How can I do it? Is it even possible? Sorry if this seems like a noob question, I am not very good yet.

Here is what I usually try:

       for x in range(len(nums)):
                    if nums[x] > nums[x+1 < len(nums)]:
                        count +=1 

Answer 1

No problem! we all start somewhere :) Here's one way to do it:

for x in range(len(nums) - 1):
   if nums[x] > nums[x+1]:
       #do something

Answer 2

len(nums) will return the number of values in an array, and when you are looping through an array, the first value in that array will be accessed using an index of 0, not 1.

for example:

nums = [1,3,5,7]
len(nums) == 4

if you run

for x in range(len(nums)):
   if nums[x] > nums[x+1]:
       #code here

you will get an error at nums[x+1] because on the last iteration, it becomes nums[3+1] which is nums[4], and that index is not in that array. Your last index is 3.

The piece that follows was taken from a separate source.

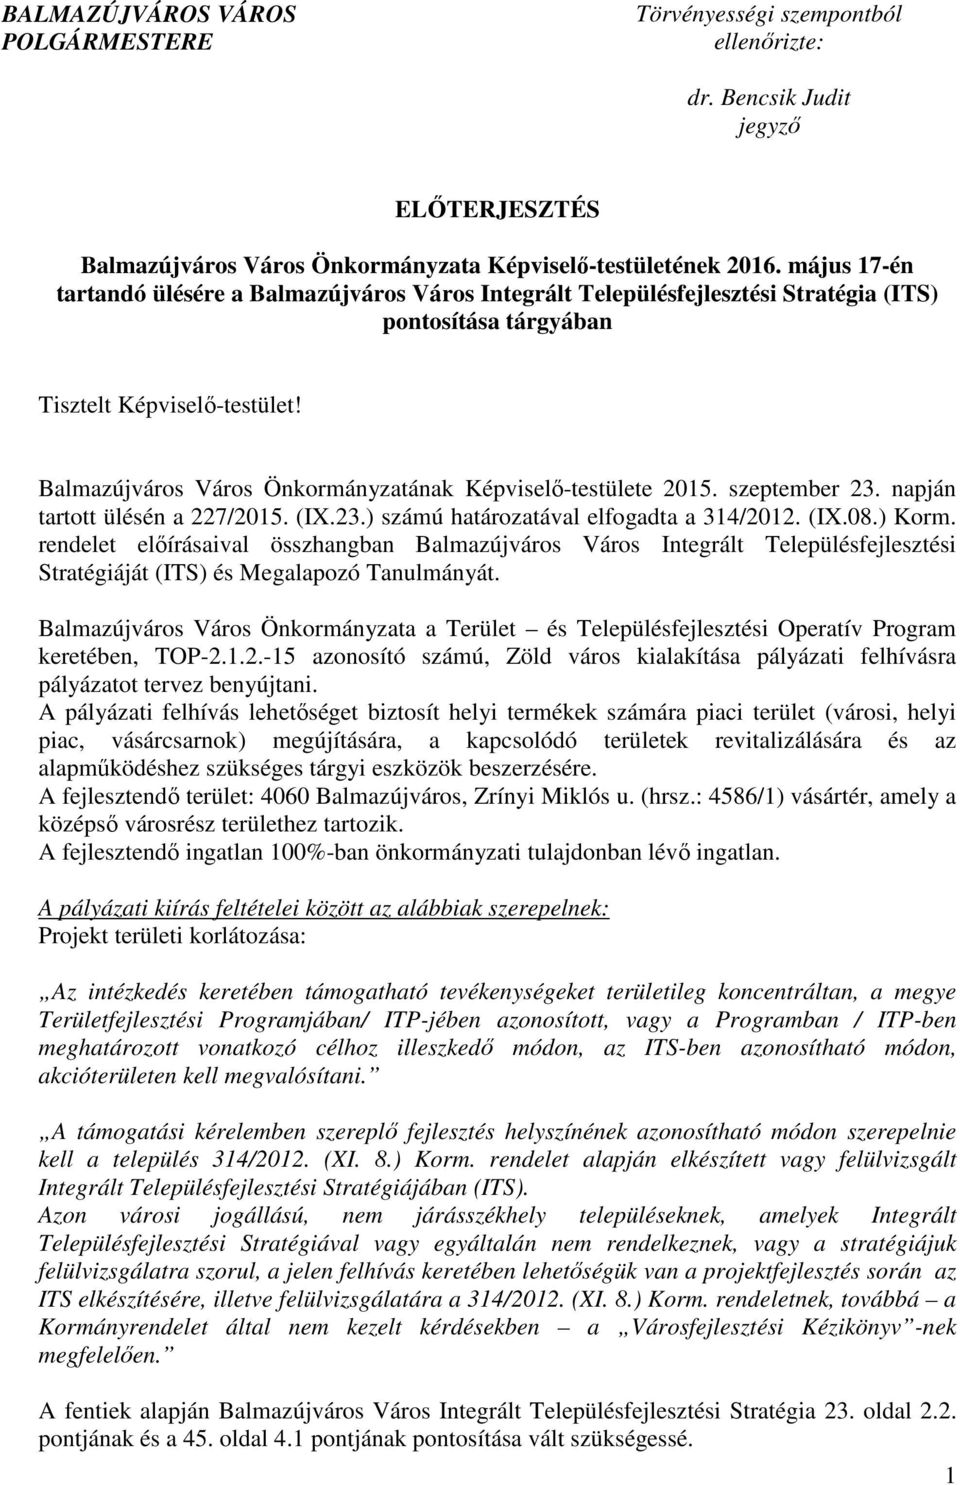 Balmazújváros Város Önkormányzatának Képviselő-testülete 2015. szeptember 23. napján tartott ülésén a 227/2015. (IX.23.) számú határozatával elfogadta a 314/2012. (IX.08.) Korm.

So what you really want is

for x in range(len(nums)-1):
   if nums[x] > nums[x+1]:
       #code here

Answer 3

You could use reduce

For example, to get the max of a list, you could do the following

import functools 
arr = [1,2,3,4,5]
print(functools.reduce(lambda a,b : a if a > b else b, arr))

Output

5

This answer is great to refer to as well.

Answer 4

You could iterate through the adjacent pairs of any sequence with this helper function:

def pairwise(iterable):
    "s -> [[s0,s1], [s1,s2], [s2, s3], ...]"
    a, b = iter(iterable), iter(iterable)
    next(b, None)
    return zip(a, b)


nums = 1, 5, 3, 7
count = 0
for x, x1 in pairwise(nums):
    if x > x1:
        count += 1